На третий день чую: кто-то ходит и колотит о сухие лесины. Дошел и до этого пенька мужик, поколотил и чует, что он полой, говорит себе: «Вот на дупля-то ладен». Еще поколотил и стал рубить. Рубит, думаю, начто он и меня пересекет. Рубит. Я устараниваюсь к другому боку. И так его кругом обрубил, а я не провешиваюсь, думаю, как провешусь, он убежит. Он уже кругом обрубил его. Пень повалился. Меня как стало ломить, я присел, пень улетел. Я взревал и заохал. Мужик взревал, упал да и заползал. Я в то время вылез из пенька. Мужик-от ползает. Я двои сутки истощал, сидел голодный. Мужичьим следом пошел по пороше выходить в деревню. И дошел до его кобылы.

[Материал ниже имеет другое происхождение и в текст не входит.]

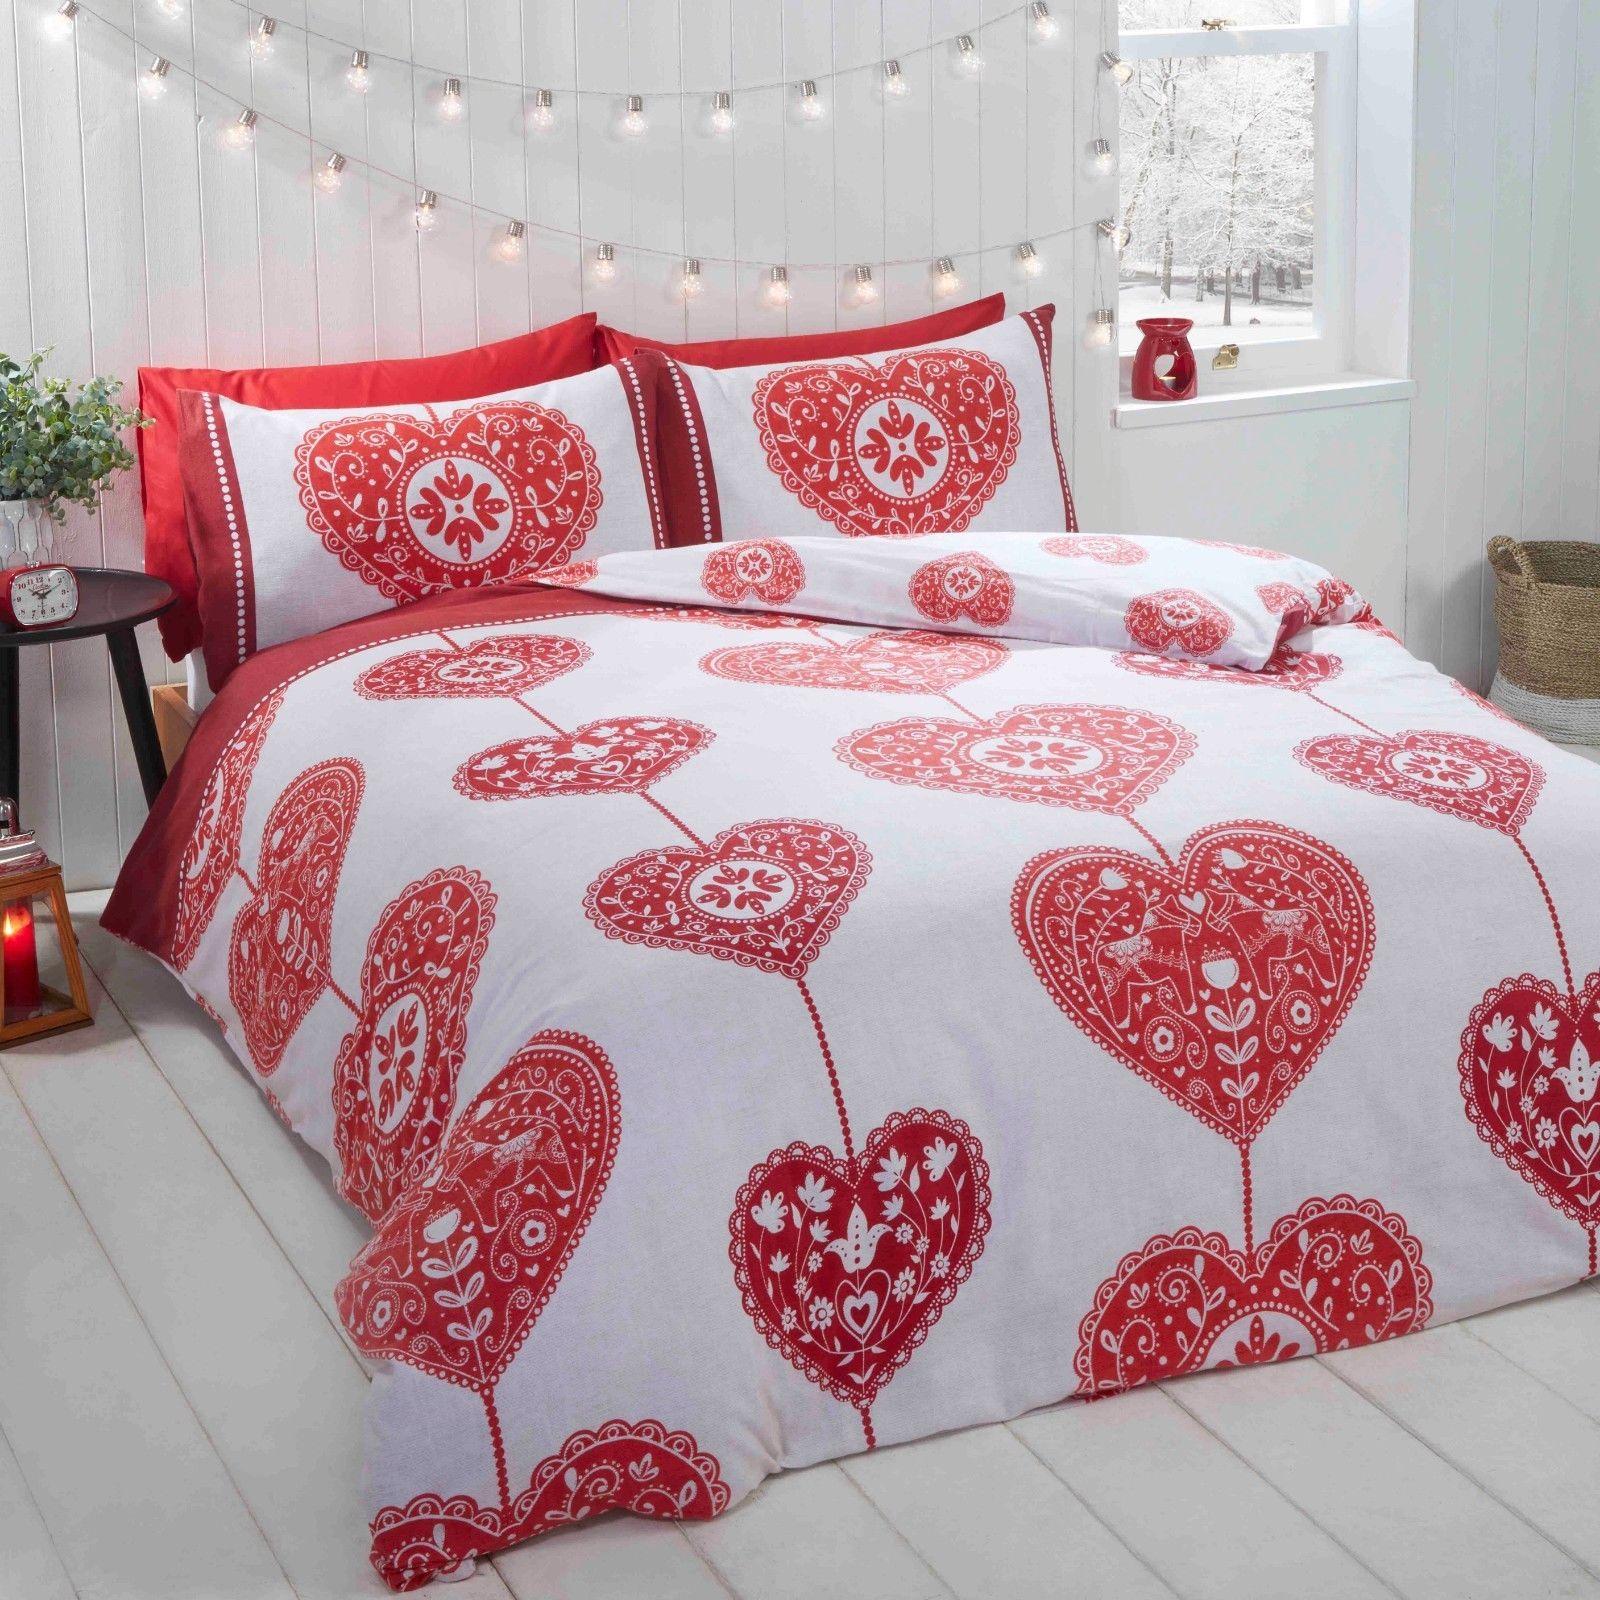 Rapport Skandi Hearts 100 Brushed Cotton Flannelette Duvet

Этим временем, покудова мужик искал пенька да я шел, медведь повалил у него кобылу и переедает шею. Переел шею у кобылы и в хомуте выедает остатки, только трещит есь. Я хотел медведя испужать, чтобы он убежал. Как в это время я скочил на сани да сухал; медведь испужался да бросился и нажинул себе хомут на голову. И кинулся к саням бежать. А я как за сани схватился, сижу, смотрю, что будет дальше. Он и давай бегать по лесу да все прогалейнам, кресла у саней обломал. Бегал, бегал на реку Пыштюк. Сперва до того летал круто, что не знаю, как сказать; наконец, упетался, выбежал на погост к Михаиле на Пыштюк, тут остановился, никуды не идет. Я изголодал, пошел к отцу Василию проситься ночевать, а медведь на улице стоит. Поп уехал в деревню, а попадья вышла на крыльцо и велела пустить медведя к ихним лошадям во стаюшку. Она в потемках не рассмотрела медведя и подумала, что лошадь. Я кое-как скинул хомут, сзади захожу, чтобы не укусил, и пехаю медведя в стаю. Пустил его туды и не знаю, что тут кони стояли. Он от усталости всю ночь лежал. Переночевали. Попадья накормила завтраком. Кони что-то перед утром завизжали в конюшне. Я и говорю: «Что-то кони-то визжат». – «Ничего, не убьют друг дружки».
Попадья поутру ушла под коров; мне и вздумалось улепетнуть от попадьи, а то, пожалуй, пошлют меня за коней столбы считать. Пошел я по медведя в стаю. Медведь обоих меринов повалил, наелся, сидит в углу. Я его страшился сперва взять. Но потом увидел, что он ученой. Взял его и навязал на шею веревку. Вывел изо стаи. И мы пошли с медведем по дороге к Микольскому. Догоняют нас татары и видят, что у нас товар славной – медведь, идет да пофыркивает. Они у меня стали торговать. Я им и продал, взял восемьдесят пять рублей, а сам отправился домой. С деньгам пришел домой. Годовой оклад заплатил с двух с половиной душ, и денег осталось к следующему времени.